“I am the scales of justice, conductor of the choir of death!”
The original Mad Max was a bit of a touchstone moment for Australian cinema. It launched the career of director George Miller, and it launched the career of future mega star and future known anti-Semite nut bar, Mel Gibson. But it also gave Australian cinema in general a bit of a boot in the ass. I’ve complained before on Bored and Dangerous about Australian cinema’s inferiority complex making the industry feel like they have to make important (ie. pretentious) movies. But Mad Max showed that we could make low brow genre fare with the best of them.
I like the original Mad Max, and I Iove its sequel, The Road Warrior. But when I heard Miller was rebooting the series, I was skeptical. Had it really been that long since he had a hit that he had to rehash this old chestnut? But as buzz grew and trailers were released, and I found out man crush #1 Tom Hardy was involved, it seemed liked Miller might be returning to the well for the right reason… He actually had a new story to tell. By the time I saw Mad Max: Fury Road, it had been out for a week or two and had received more over the top, crazy praise than any movie I can think of in recent memory. In the space of a year or so, I had gone from dreading this movie, to being more excited about it than anything else coming out this year. Even Star Wars. So, did Mad Max: Fury Road live up to the mega hype?
Max (Hardy) is a former cop, now nomad in a post apocalyptic, desert wasteland. He’s carrying a lot of guilt about those who he was unable to save in the past, and has no real interest in building a future for himself. He’s captured and taken prisoner by the War Boys, a group of violent marauders, lead by the dictatorial Immorton Joe (Hugh Keys-Byrne).
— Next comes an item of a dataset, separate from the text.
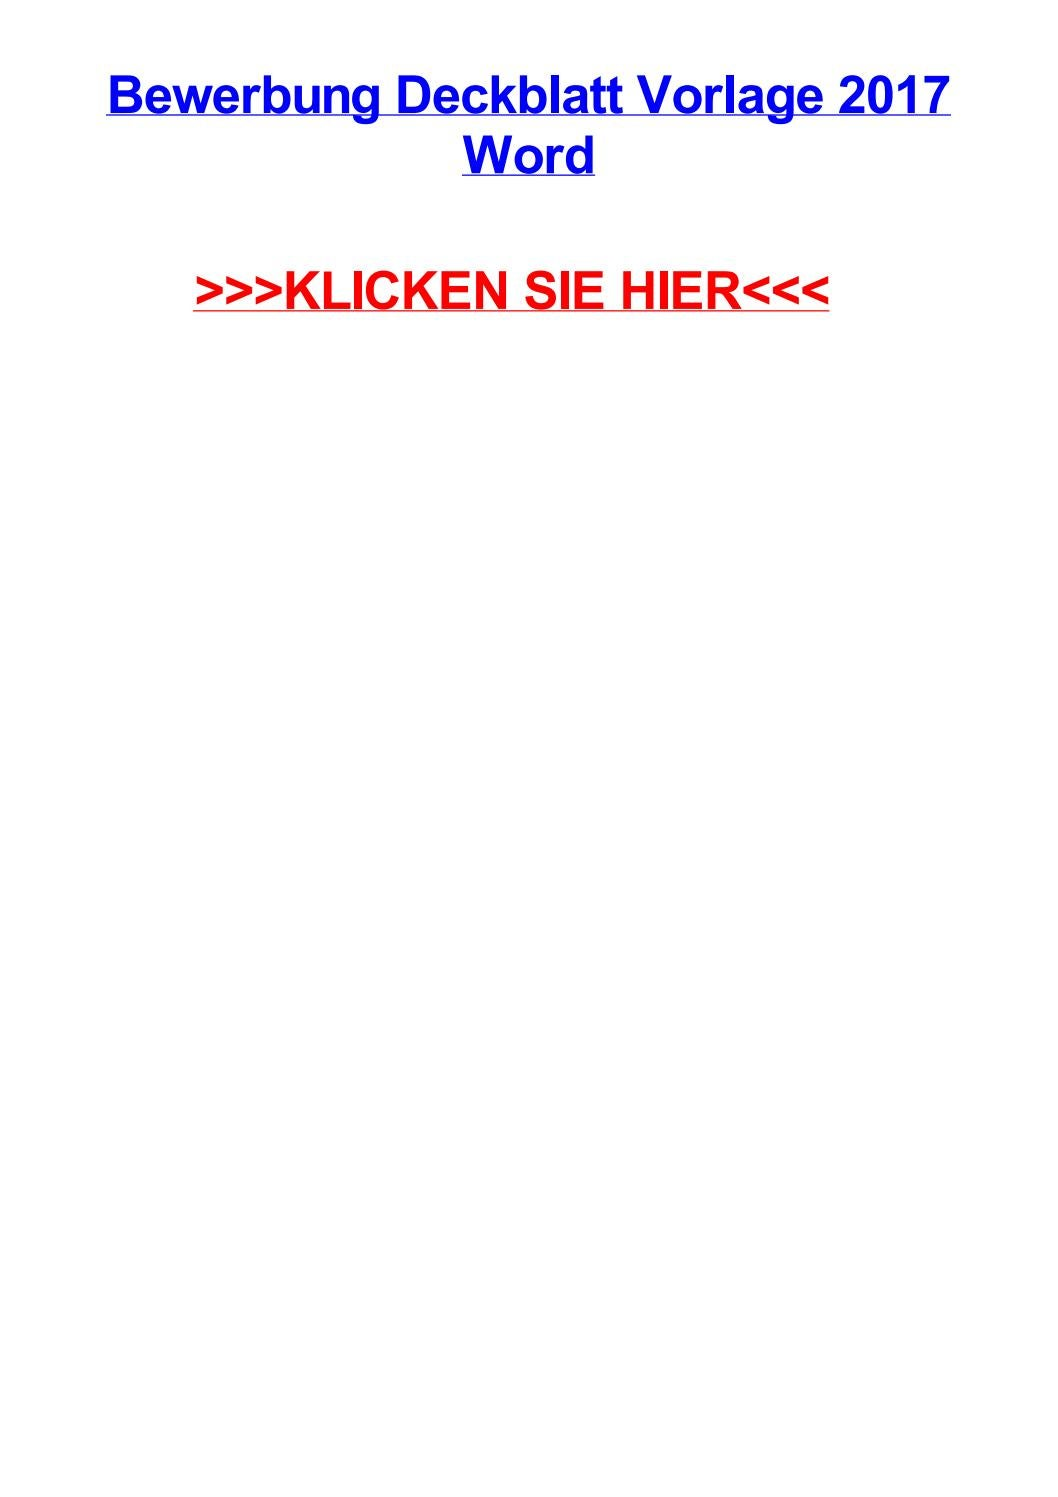 Bewerbung deckblatt vorlage 2017 word by lindsayfamw - issuu
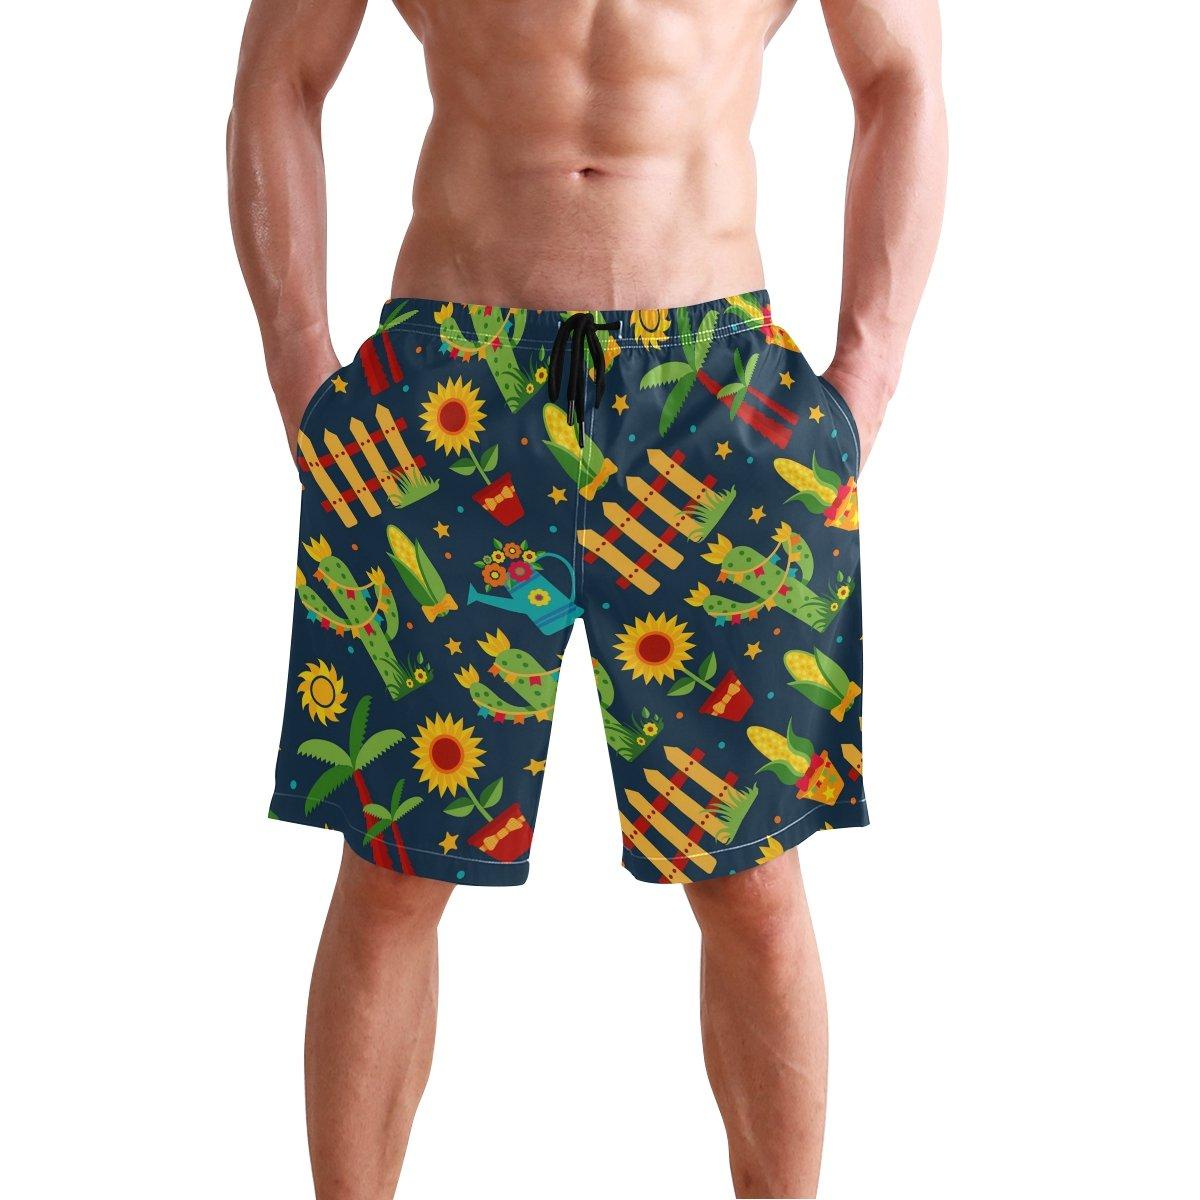 REBACAT Plants Cactus Sunflowers Mens Swim Trunks Quick Dry Beach Board Shorts with Drawstring Pocket

Meanwhile, Imperator Furiosa (Charlize Theron) has stolen a fortified truck from Joe and is using it to help a group of women, Joe’s “wives”, escape.
When Joe realises what’s going on, he leads a war party across the desert in an increasingly ridiculous and awesome convoy of suped up vehicles. One, belonging to War Boy Nux (Nicolas Hoult) is even complete with a Max strapped to the front as a living hood ornament. After an accident in a sand storm, Max escapes and ends up on board Furiosa’s war rig, helping the wives escape.
Mad Max: Fury Road takes the done to death idea of a post apocalyptic wasteland and ramps it up to new, horrific levels. I can’t think of a single other movie that has ever been able to make something so gorgeous out of elements that are so ugly. But that’s exactly what Miller has created. It’s depressing and dangerous and horrible and dirty and basically hell on Earth. But I loved being able to spend this two hours there.
When people think Mad Max, they generally don’t think about the original movie, with it’s almost regular people and regular cars racing down country roads just outside Melbourne. They’re more likely to think of The Road Warrior world of Mad Max, with its deserts, bondage inspired costumes and general insanity. And luckily, that’s the version of Mad Max that George Miller didn’t just bring back to life for Fury Road. He brought it back to life and suped it up to glorious new levels of nut baggery.
Hardy’s Max is more brooding than Mel Gibson could ever dream of, Theron‘s Furiosa is a badass bitch complete with a scrap metal prosthetic arm who is more of a hero in this movie than the titular ex-cop. And Immorton Joe is the kind of insanely ridiculous bad guy who only works because the movie never for a second worries about making him even close to real or believable or logical. Of course he has a bloke in his war party whose entire job is to rock out with sweet riffs on his flame spewing electric guitar, while riding on the roof of a truck that’s nothing but guitar amps. That’s the world of Mad Max: Fury Road, and it’s perfect in its bat shit craziness.